The Overcoming Resistance to Zero Suicide activity can help you think about ways to talk to staff about their barriers to implementing different aspects of Zero Suicide.

Screening

Screening is about standardization. All staff use the same tool and process. The frequency of screening is formalized in a policy/procedure so it is clear to staff when and how to screen individuals in care. This policy does not need to be separate from the rest of the process related to individuals at risk of suicide, but the screening process should be detailed within it.

Screeners vary in the number of questions included. If a screener is used in a medical setting where a full assessment is often done by behavioral health staff (which requires time for a consult), sometimes a secondary screening is also used to determine what level of assessment may be needed.

What “screener” is used will be dependent on the organization, staff, and population needs. See below for a list of commonly used tools for screening and assessing suicide risk.

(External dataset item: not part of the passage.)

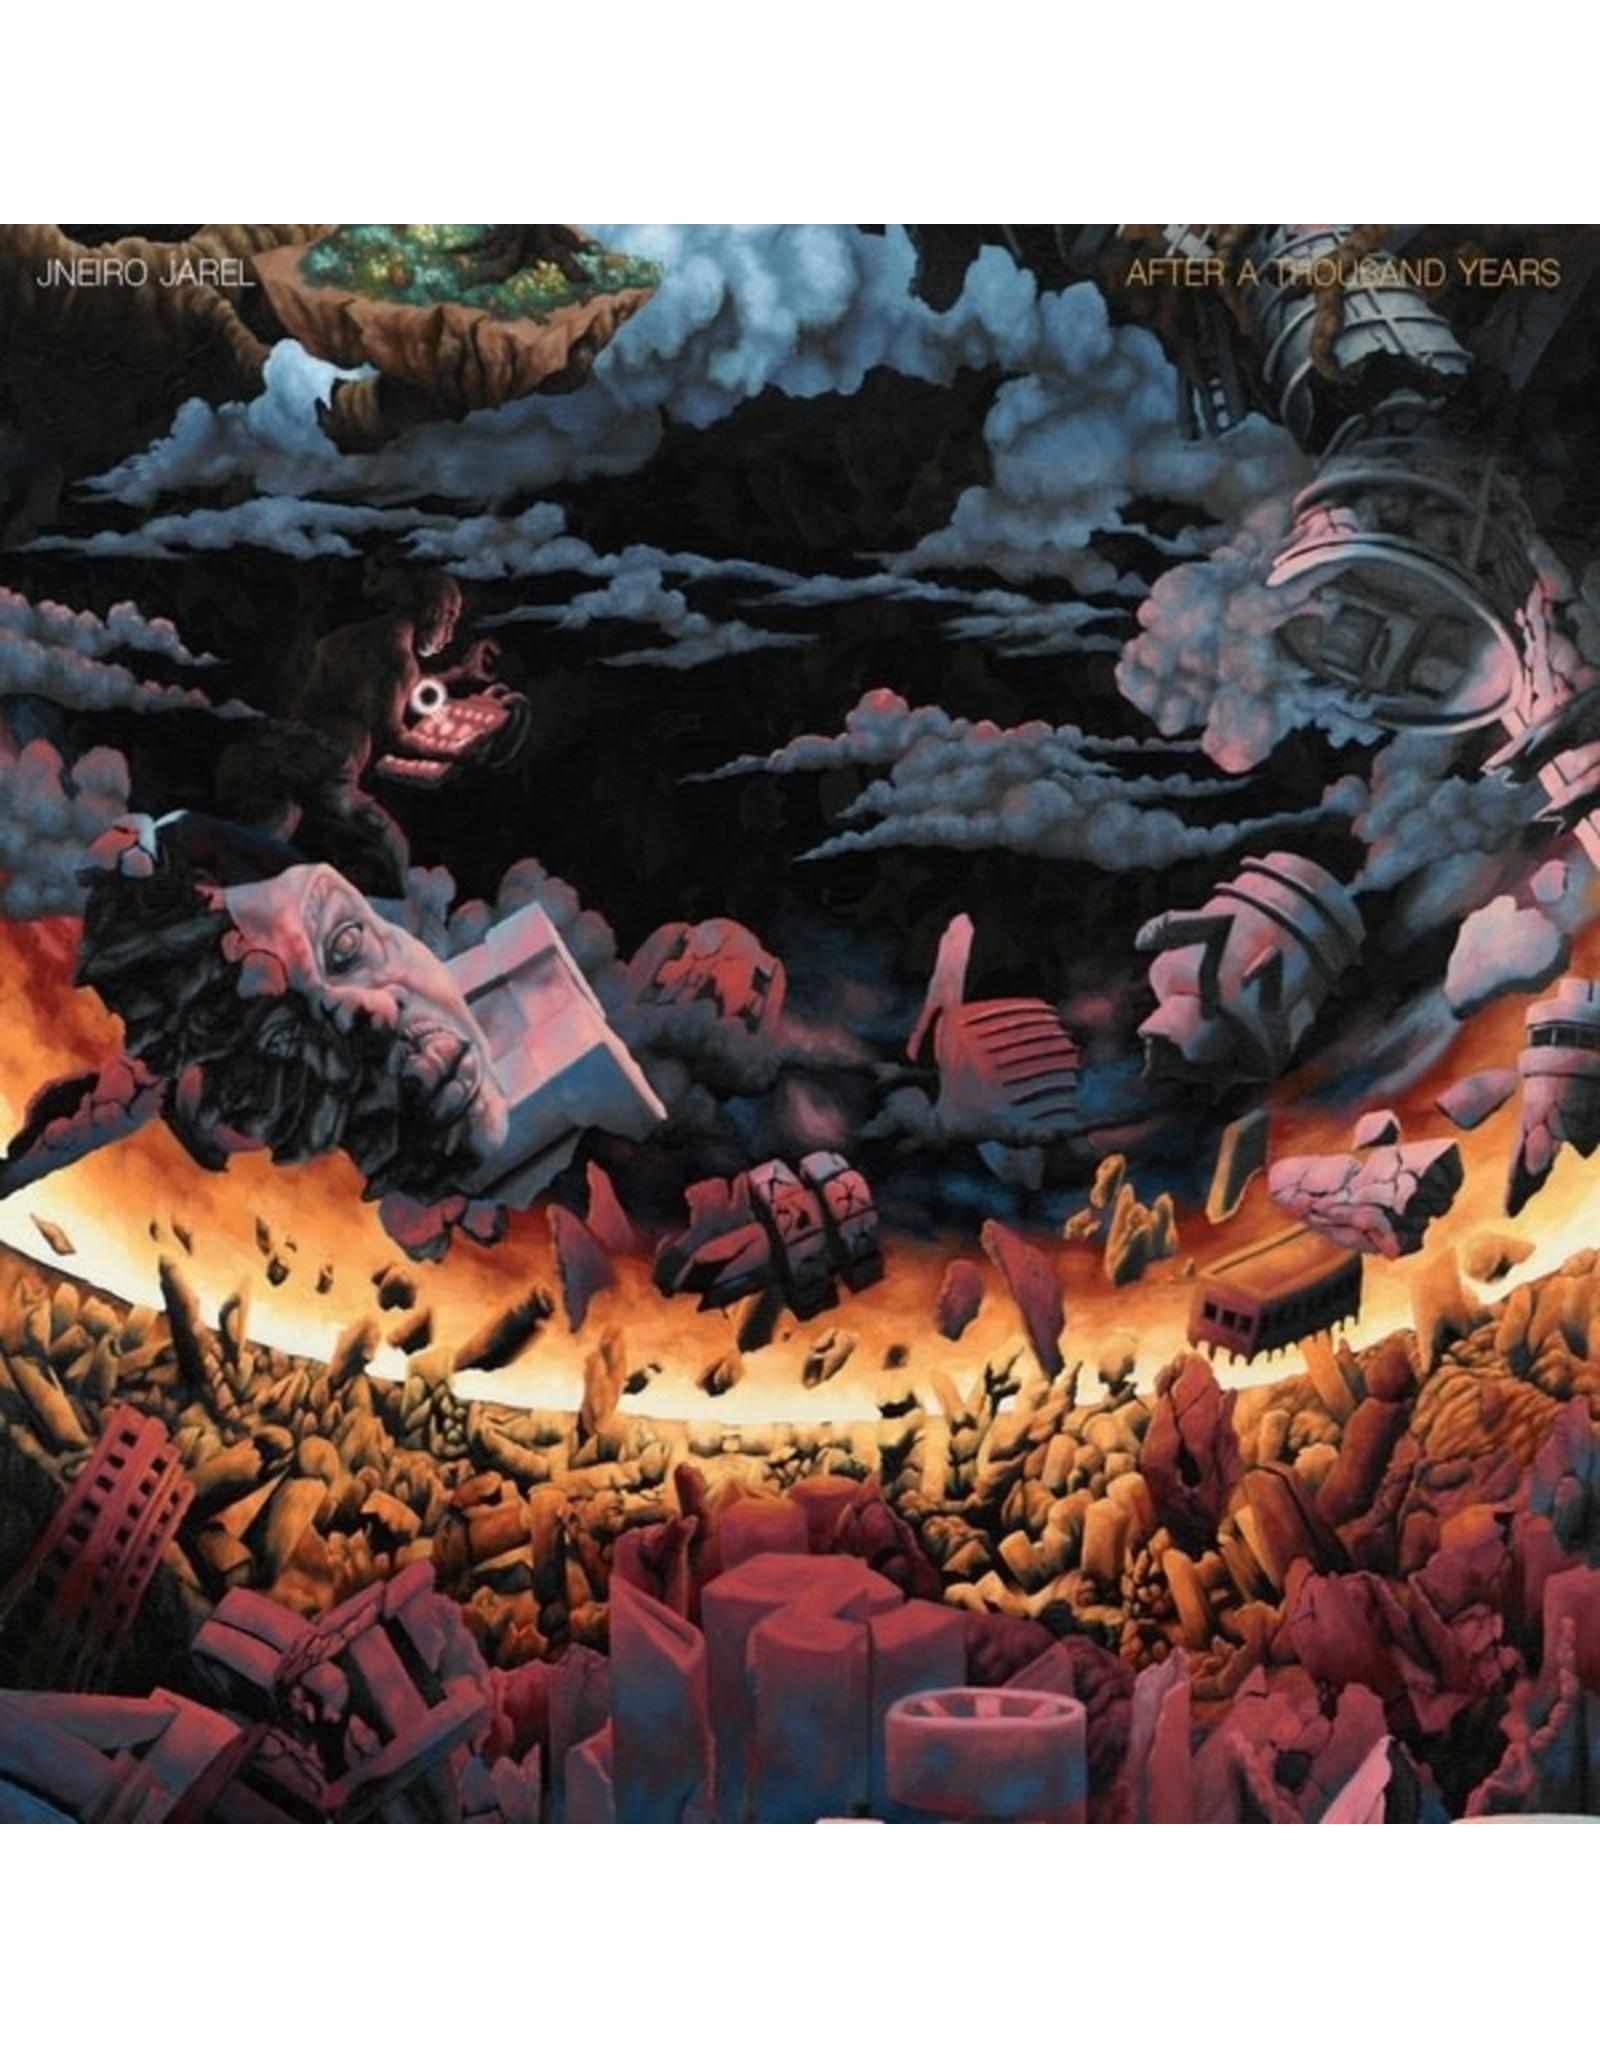 New Vinyl Jneiro Jarel - After A Thousand Years LP

The SPRC resource Screening and Assessment for Suicide in Health Care Settings provides a comprehensive discussion of the subject, with sections on expert recommendations and how to choose a screening tool.  

Assessing

There are three aspects to fully assessing for suicide risk which provide a foundation for treatment planning:

  • Gather complete information about present, recent and past suicidal ideation and behavior.
  • Gather information about the individual’s current context, relevant risk factors, and history.
  • Synthesize this information into a prevention-oriented suicide risk formulation anchored in the individual’s life context.2

The purpose of assessment is not to predict which person might take their own life but, rather, to do the best job we can to increase safety, reduce risk, and promote wellness and recovery.

In inpatient behavioral health treatment, the assessment process will be unique to that setting. Even if the admission is not due to suicide risk, the admission process should include a suicide risk assessment. It is important to understand the individual’s history with suicidal thoughts and behaviors as well as other risk factors. Also, it is important that policies and procedures address the frequency of observation, when to rescreen and what prompts a full reassessment.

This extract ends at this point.